In this era of harsh commercial imperatives for publishing, there isn’t much room left for big risky novels, those encyclopedic monster-pieces like Joyce’s Ulysses or Pynchon’s Gravity’s Rainbow, works that try to capture modern life in all its luminous complexity. When such a book does make it to press these days, then, it’s a sign that the work was just too intriguing for the publisher to pass up, despite the commercial impediments.

This is indeed the case with Gordon Sheppard’s book, HA! A Self-Murder Mystery, an almost-900-page genre-busting beast and one of the most ambitious, and oddly compelling, Canadian works of literature I have read in a long time. The book is a novelistic treatment of the real life and death of Hubert Aquin, a Québécois separatist intellectual and respected novelist of the 1960s and ’70s. (Coincidentally, Aquin’s first novel, Next Episode, was chosen this summer as CBC’s Canada Reads winner.)

Sheppard, himself a well-known writer, artist, and feature filmmaker of that era, befriended Aquin in 1976, a year before the latter took his own life, controversially with the consent of his wife, Andrée. In the wake of the tragedy, Sheppard began a long process of conducting interviews with more or less everyone who had known Aquin, hoping to gain some insight into what happened. In doing so, he was able to delve deep into a life stranger than fiction, a life of separatist terrorism and weapons charges, of wild binges and secret sexual intrigues, of artistic desperation and bouts of crushing depression.

As its subtitle suggests, HA! is structured like an old-fashioned detective story, with Sheppard casting himself as an existential Sherlock Holmes. The analogy is not accidental – Aquin often mentioned his debt to Conan Doyle and frequently incorporated elements of the thriller into his own experimental, highly literary novels. Transcripts of Sheppard’s interviews, cleaned up and rearranged, work in this context as witness testimonies, presented alongside other “evidence” in various forms: Truman Capote-esque dramatizations; reprinted period newspaper clippings; long quotations from Flaubert, Joyce, and Dante; and images from the likes of da Vinci and Goya.

The resulting literary stew, while anything but conventional, makes for oddly breezy reading – improbably enough, HA! is a page-turner. Sheppard’s background in film may be a factor here. He has a screenwriter’s flair for addictive storytelling, piling on the plot twists and carefully building the narrative to an explosive climax. And the way he moves from an interview to a passage of fiction, for instance, has the same effect as a quick cut in cinema, grabbing our attention and forcing us to consider events from a new and disorienting angle.

The images and quotations in HA! also work on a deeper level. Aquin, as a serious artist, lived as much in the imaginary world of art as he did in literal Montreal. Given this, the inclusion of artistic works that influenced him give us a powerful sense of the creative landscape in which he moved, helping us grasp the reasons for his often otherwise inexplicable actions.

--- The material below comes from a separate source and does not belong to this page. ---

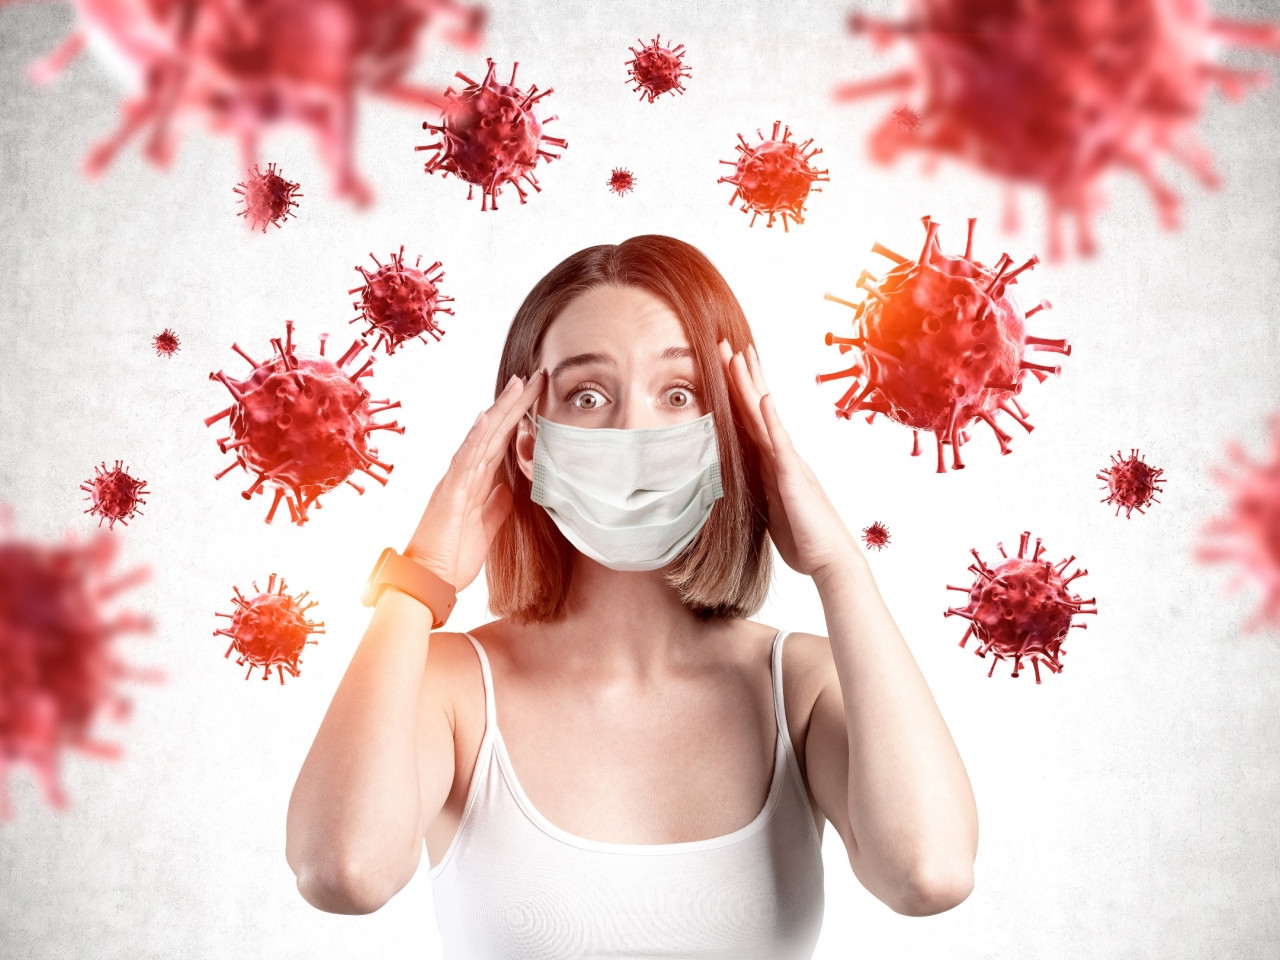 Gestire la paura ai tempi del coronavirus - Counselor Anna Sallustro

One of Sheppard’s central techniques in HA! is to fudge the line between Aquin’s real life and the imaginative world of art. This is most chillingly apparent in the startling contention that Aquin’s suicide was his final creative work, executed (the disturbing pun is intended) in the only medium left to an artistic and cultural revolutionary in a counter-reformational place and time.

With such claims, Sheppard forces us to ask deep, frightening questions about the toll that art exacts on the artist (and on artists’ friends and families). Aquin’s case is extreme, of course, but HA! suggests that every artist is engaged in a potentially destructive struggle, encompassing everything from the difficulty of making enough money to survive to the psychological toll of strip-mining one’s own life and relationships for creative raw materials.

These observations reflect back, self-consciously I think, on the book itself and on its author. In choosing to turn his friend’s life and suicide into literature, Sheppard also takes enormous risks: that he will bring pain to Aquin’s surviving friends and family; that he won’t get the story right; that he will sensationalize or trivialize, and so on.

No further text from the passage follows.